Больше всего, однако, беспокоила его возможная смена проводников.

«Дьявол не спит, — думал не раз, глядя в пространство. — А если Стогрин подведет?»

И в момент прибытия поезда тревожно обшаривал взглядом толпу людей, отыскивая лицо знакомого работника — лукаво-сердитое. Однако Стогрин, старый, хитрый волк железной дороги, никогда не подводил. Привлечённый щедрыми чаевыми, устраивал любовникам свидания поистине мастерски. Всегда как-то на его «участке», состоящем из трех поездов, находилась уютное отдельное купе, предназначенное исключительно для Забжеского и его любовницы. Хитрюга, чтобы не вызывать подозрений, не сразу пускал своего «клиента» в соответствующее купе, а советовал ему некоторое время крутиться в коридоре, пока «всё не успокоится». Только после отправления поезда, когда волна новоприбывших «гостей» растекалась по вагонам и освобождала проходы, Стогрин открывал зарезервированное купе и закрывал его за Забжеским на четыре замка. Со временем свою услужливость проводник довел до такой степени, что на станции в Рудаве или в Черске, в зависимости от того, где Лунинская садилась, сам указывал ей на «правильный» вагон и место. Одним словом, Стогрин в роли messagero dell'amore[2] был бесподобен: окруженные его доброжелательной заботой, любовники предавались любовным излишествам в полной свободе.

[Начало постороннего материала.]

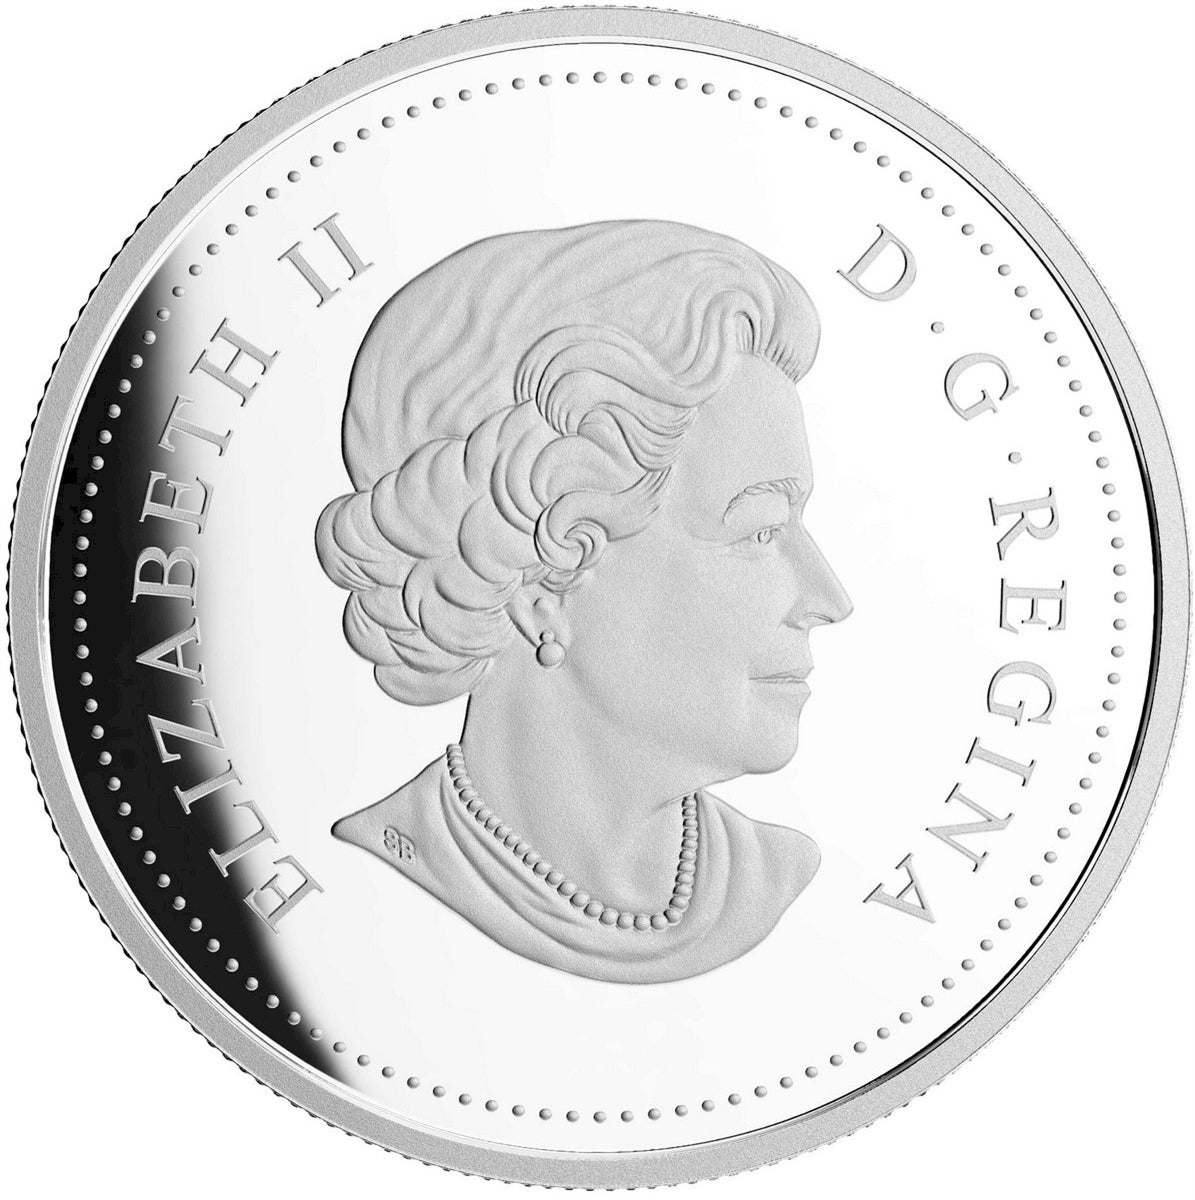 2015 $20 Canadian Icons: Polar Bear with Jade Fine Silver

Единственным темным пятном на горизонте был недостаток времени: могли проводить вместе непрерывно едва четыре часа. Хотя намеренно всегда выбирали поезд, который тащился по этому направлению в достаточно ленивом темпе, однако, хватало этого короткого, слишком короткого для них промежутка времени, только на то, чтобы преодолеть расстояние между Рудавой и Черском. Но собственно и та прерывистость впечатлений, ненасытность любовного опьянения, на которое были обречены, еще больше обостряли взаимную симпатию, подкармливая неутолимый голод счастья.

В Черске, поскольку путешествие завершалось, выходила Стаха, разумеется, одна, а господин Казимеж ехал до следующей станции и только там покидал coupé d'amour[3], чтобы через пару часов вернуться скорым в Бендзешин. Обычно через неделю или десять дней после этого, если не приходила телеграмма с отменой, Забжеский ехал в Тульчин — первую остановку за Черском, проводил там ночь в каком-нибудь отельчике, а на следующее утро на обратном пути встречал в поезде свою светловолосую любовницу, которая сопровождала его до самой Рудавы.

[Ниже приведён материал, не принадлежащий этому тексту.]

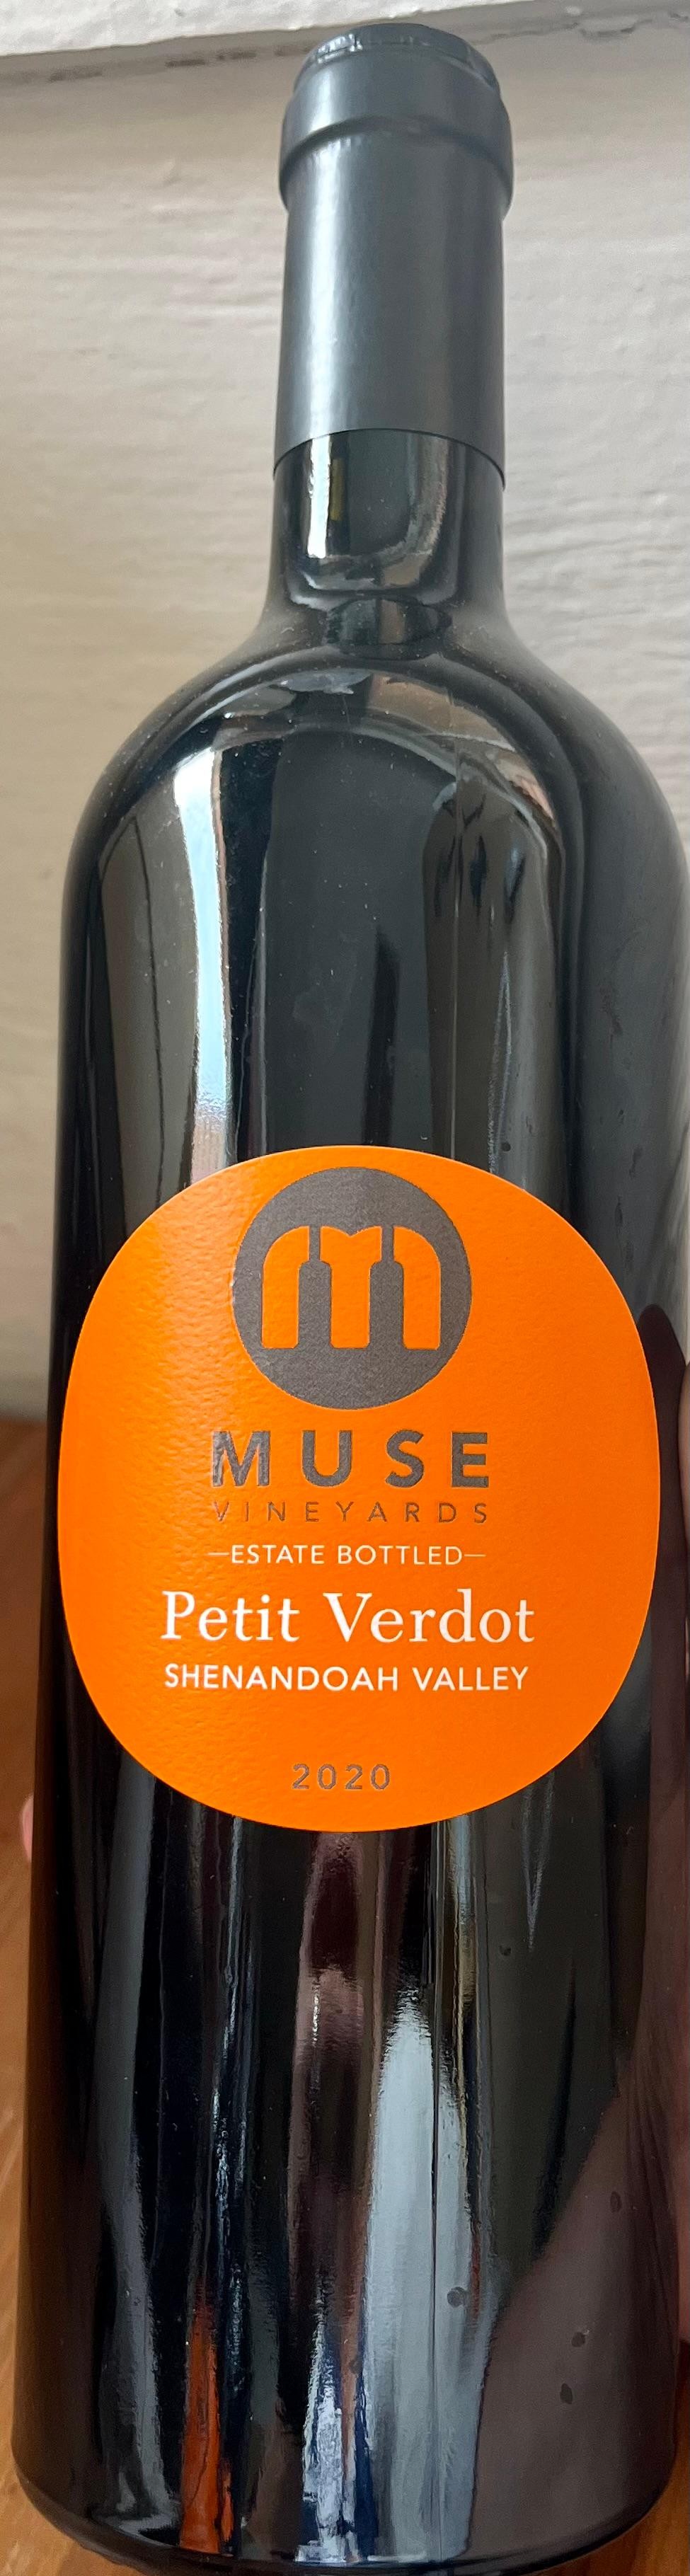 Muse Petit Verdot

Так прошел год — в ничем не омрачённом согласии, незабываемый год счастья и любовного безумия. Вопреки опасениям Стахи, привязанность Забжеского росла и крепла с каждым месяцем.

Им полностью овладела красота тридцатилетней, буйно расцветшей в полдень жизни женщины. Исходили из нее чары, которые связывали его мужскую волю и бросали ей под стопы — под те милые, маленькие стопы, которые так страстно прижимал к губам. После каждого свидания открывал в ней новые искусы, ибо была, как стихия, каждый раз иная. Особенно глаза: огненные, темно-сапфировые — менялись постоянно; дремала в них тоска степей, пылал жар восточной гурии или клубилась холодная, гордая дума весталки. Его удивляла ее эротичная утонченность.

— Кто тебя этому научил? — спрашивал не раз, потрясенный буйством ее любовной фантазии. — Муж?

Стаха презрительно надували сочные, как разрезанный гранат, губы:

Перейти на страницу:

Похожие книги

Отверженные
Отверженные

Великий французский писатель Виктор Гюго — один из самых ярких представителей прогрессивно-романтической литературы XIX века. Вот уже более ста лет во всем мире зачитываются его блестящими романами, со сцен театров не сходят его драмы. В данном томе представлен один из лучших романов Гюго — «Отверженные». Это громадная эпопея, представляющая целую энциклопедию французской жизни начала XIX века. Сюжет романа чрезвычайно увлекателен, судьбы его героев удивительно связаны между собой неожиданными и таинственными узами. Его основная идея — это путь от зла к добру, моральное совершенствование как средство преобразования жизни.Перевод под редакцией Анатолия Корнелиевича Виноградова (1931).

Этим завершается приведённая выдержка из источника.